Эдик что-то говорит, предлагает потихоньку собираться и тушить камин. Виталина Степановна сгребает вязание и уходит вниз, даже не подумав помочь Марине с уборкой грязной посуды. Чумаков медленно и важно, будто от этого зависит его жизнь или репутация, сворачивает газету…
Помню страх. Ни одно иное возвращение с уроков не было наполнено таким ужасом, даже когда в семье происходили действительно неприятные вещи. Помню запах чужого человека в квартире. Шаги, дыхание запыхавшегося взрослого мужчины. Помню его пульсирующее, волнами расходящееся желание сделать мне больно. Заставить меня страдать. Просто так, без особенных причин. Помню, как открывается дверь туалета…
И вместо того, чтобы обрушить волну злости на Валентина Дмитриевича, бросаю ее на окружающий Особняк. Потому что если бы не он, я бы продолжал плыть по ручью своей жизни, даже не пытаясь оглянуться на скалы, когда-то оцарапавшие дно моей лодки…
Смотрю на силуэт Себастиана в дверях. Смотрю на Эдика.

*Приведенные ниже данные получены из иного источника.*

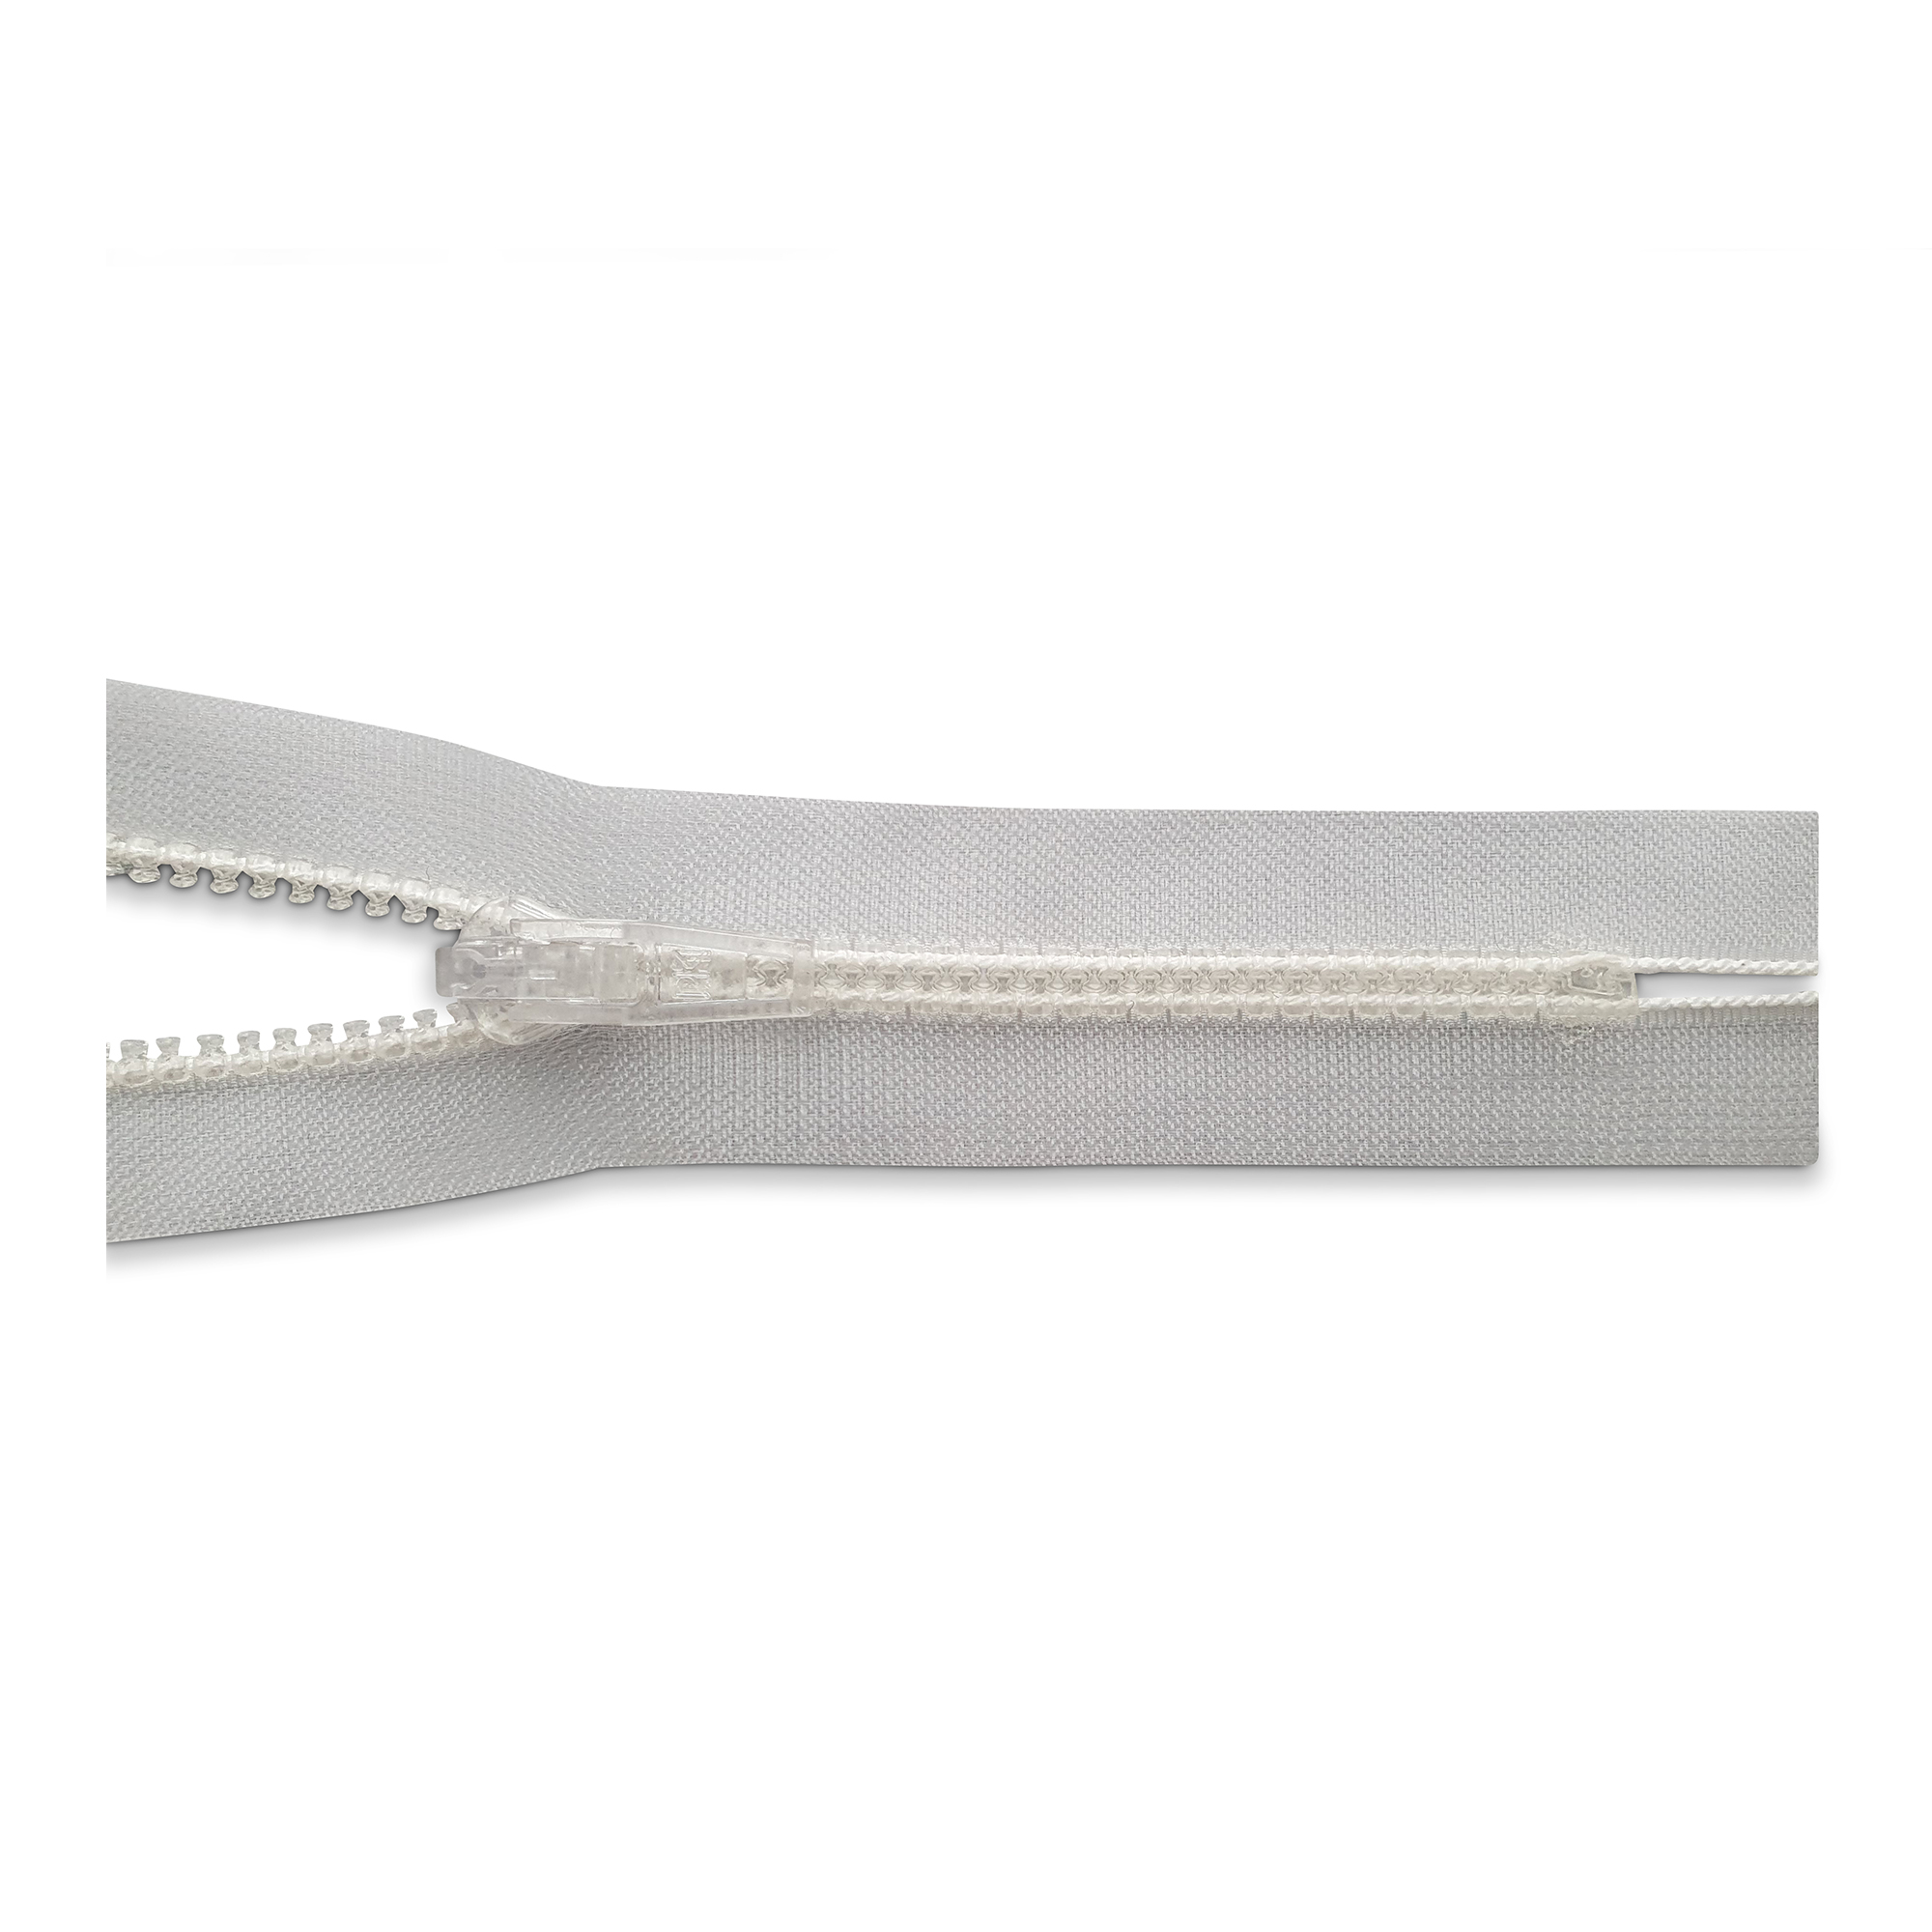 Reißverschluss, nicht teilbar, K.stoff Zähne breit, transparent, hochwertiger Marken-Reißverschluss von Rubi/Barcelona

Смотрю на стены и потолок, из которых торчат белые, чуть изогнутые зубы, словно вся комната внезапно провалилась в пасть взрослого Шаи-Хулуда…
У меня никогда не было твиттера, но это не означает, что я не в курсе принципов его работы. И сейчас мой взбудораженный мозг начинает сыпать хэштегами, один за другим бросая их на багровое покрывало сознания.
#Ненависть. А еще #ЖизньИдетВпередИЯВместеСНей. Или #Месть. Особенно яркими выглядят #Свобода и #ПроклятыеДуши.
– Ты сиди, братюня, не помогай, – насмешливо говорит мне Пашок. Он составляет заляпанные стаканы на нижний ярус столика. – Мы и сами управимся.
Замечаю, что пальцы сцеплены так, будто я хочу их себе переломать, до белизны и ломоты. Встаю, пропуская колкость мимо ушей, шагаю к камину. Пламя, как живое существо, узревшее своего палача, выбрасывает в мою сторону длинный хищный язык.
Открываю нагретую решетку, сотканную из гибких чешуйчатых тел. Я до сих пор не научился видеть красоту в простых вещах, иначе оковка камина показалась бы мне очень изящной. Даже несмотря на мерзость химер, покрывающих ее.
Беру увесистую кочергу и начинаю растаскивать в стороны почти прогоревшие дрова.
Марина, Эдик и Чумаков, загрузив стол грудой грязной посуды, направляются к дверям.
– Помоги мне с этим, – говорю Пашку, якобы не заметив искреннего удивления на лице бывшего наркота. – Как тут заслонка закрывается, напомни?